Некто увидел леса и то, как Господь в них шутит и печалится. Он увидел деревья, в которых ясно и мощно воплотился Господь. Он увидел женщин и девочек, в которых жили игра и чудо Божье. Он пошел и рассказал о деревьях, о лесах и женщинах. Его звали Кнут Гамсун, а обитал он на Севере. Андреас Магнус читал в своем номере его рассказы, повествующие о Господе, который действовал в живой природе. Леса шелестели, деревья стояли на ветру, а женщины мучили себя и других в загадочной истоме. Мечтатель в своем гостиничном номере наблюдал за ними, подперев голову руками.

А кто-то жил в совершенно другом месте, в стране Америке, был в это время уже мертв и очищен. Он знал все о теле и воспевал его, это «электрическое тело», говорил о нем, смеялся над ним, оплакивал его в по-детски стремительных, беспорядочно-восторженных прозаических песнях. Он был самым жизнерадостным, гордое тело накрепко связывало его с этим миром, с его таинственным величием. Но и с ним случилось так, что он «в задумчивости и запинаясь» написал слова: «Мертвые». «Ведь мертвые-то живы», – слагал дифирамбы он, воспевавший тело и его силу, а потом добавлял в задумчивости: «Возможно, они – единственные живые, единственные настоящие. Ая – я лишь являюсь, я – только призрак». Андреас сидел, склонившись над песнями Уолта Уитмена. Тот знал все о теле, он был внимателен к нему, глаз его был натренирован на тело и ни на что иное.
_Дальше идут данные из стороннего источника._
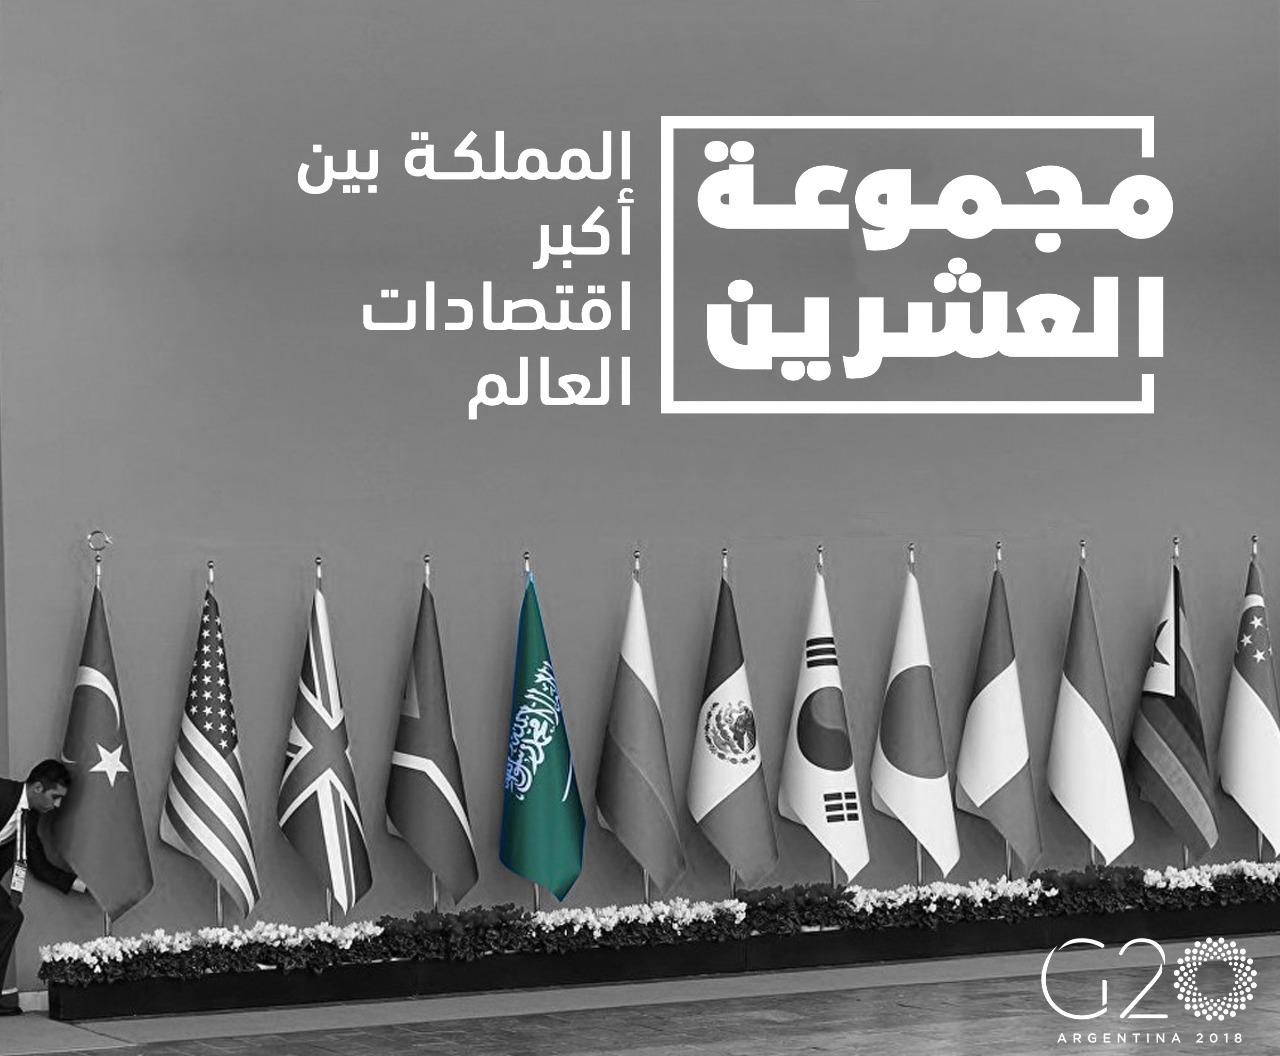 بالفيديو والصور متابعات قمة G20  #CrownPrinceInG20

Он говорил: «Я вижу тело, я смотрю только на него, на этот дом, полный страдания и красоты. Лишь его замечаю я – лишь дом, чудесный дом, этот нежный прекрасный дом, этот бессмертный дом, который больше любой квартиры, построенной когда-либо! Больше Капитолия, сверкающего белизной купола, он превосходит все – от величественных памятников до всех этих древних соборов с высокими башнями. Этот маленький дом больше, чем они все – бедный, многострадальный дом! Порочный, доходный дом, прочти дыхание по моим дрожащим губам, поймай слезу, оброненную мной, когда я буду вспоминать о тебе...» Так он обращался в Америке к мертвому телу уличной девки, обнаруженному им в морге. А Андреас Магнус, много лет спустя, склонил свое лицо над этой песней, которую он так хорошо понимал.

Но об этом теле, которому Уолт Уитмен воздавал в своих безудержных детских излияниях, в Германии слагал свои песни другой – высокомерный, одинокий, отвлеченный. Они были так стройны и аристократически упруги, как и те очаровательные тела, которым они возносили терпкую хвалу. В то время, как один изливал свою любовь, как священный водопад, другой придавал ей нежную и строгую форму. Там, где один раскрывал объятия демократическо-эротическому общению ради любимой человеческой плоти, другой ставил себя на одну ступень с изысканными аристократическими кругами: в стороне и над народом. Андреас Магнус произносил чудеснейшие любовные песни Стефана Георге, в которых огромное желание и большое страдание соединялись в теле, очищались до самой упругой формы и так проникали в его маленькую наполненную табачным дымом каморку. Здесь он, пожалуй, понял глубинную взаимосвязь, существовавшую между аскетично одиноким служителем «Максимы» и глашатаем «электрического тела», он понял то, что он мог любить обоих.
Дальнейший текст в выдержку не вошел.